Comparative structural analysis of our four plant AAAD structures identified another small loop (CrTDC200-205-B), which harbors a conserved histidine residue (His203-B as in CrTDC) and cooperatively interacts with the large loop from the opposite monomer. For instance, the small loop in the CrTDC structure is rotated outward from the active-site LLP (Fig. 4D). Conversely, in the AtPAAS, PsTyDC, and Rr4HPAAS structures, the small loop adopts a closed conformation with its histidine imidazole forming pi stacking with the LLP pyridine ring. Such pi stacking between PLP and an active-site aromatic residue has been observed previously as a common feature within AAADs as well as the broader α-aspartate aminotransferase superfamily (1618).
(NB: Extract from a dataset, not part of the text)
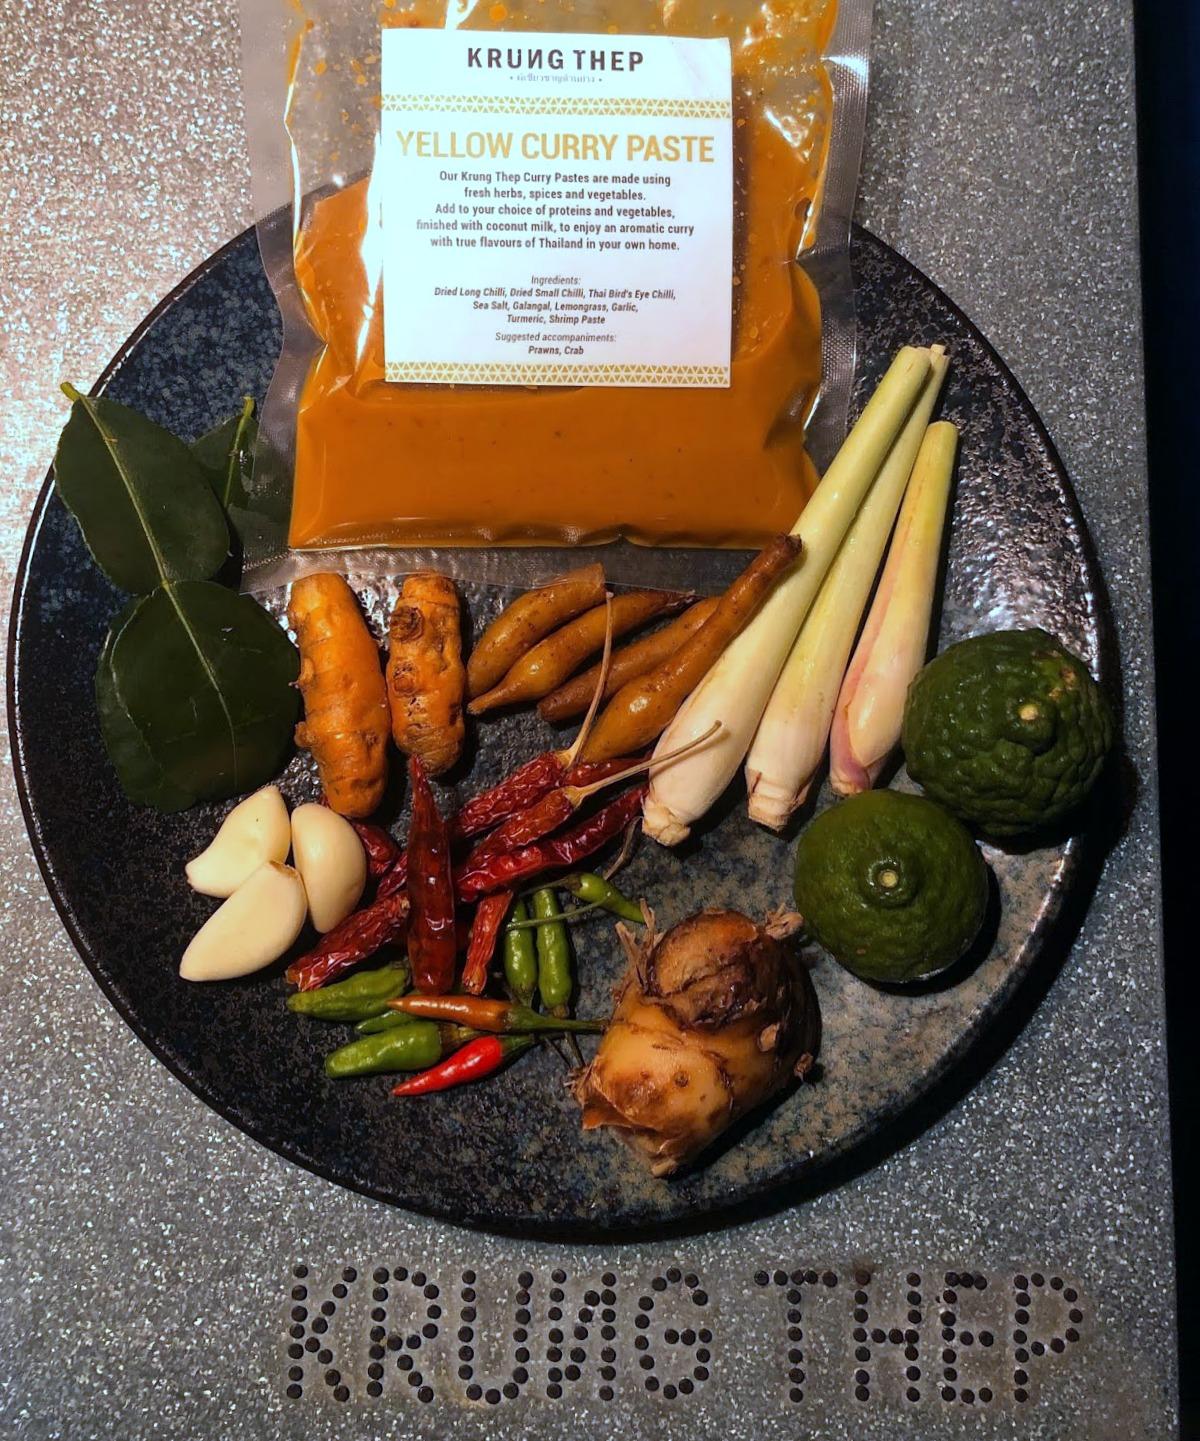 Krung Thep At Home: Classic Curry Pastes, Seductive Thai Sauces

Moreover, in the PsTyDC structure, the τ-nitrogen of the small-loop histidine is in hydrogen-bonding distance of the p-hydroxyl of the large-loop catalytic tyrosine (Fig. 4C), suggesting a potential catalytic role of this histidine. Previous studies of the pH dependence of AAADs suggest that this small-loop histidine cannot function directly as the catalytic acid to protonate the carbanionic quinonoid intermediate (1921). Based on our structural observations, we propose a catalytic mechanism where the small-loop histidine (CrTDC His203-B) facilitates the proton transfer from the p-hydroxyl of the large-loop tyrosine (CrTDC Tyr348-A) to the quinonoid intermediate (Fig. 4A, reaction steps 2) by serving as a direct or indirect proton source for reprotonation of the Tyr348-A p-hydroxyl. Mechanistically similar Tyr-His side-chain interaction that facilitates protonation of a carbanionic intermediate has also been recently proposed for the C. roseus heteroyohimbine synthase, which is a medium-chain dehydrogenase/reductase-family enzyme (22).

MD Simulations Reveal the Dynamic Nature of the Two Catalytic Loops.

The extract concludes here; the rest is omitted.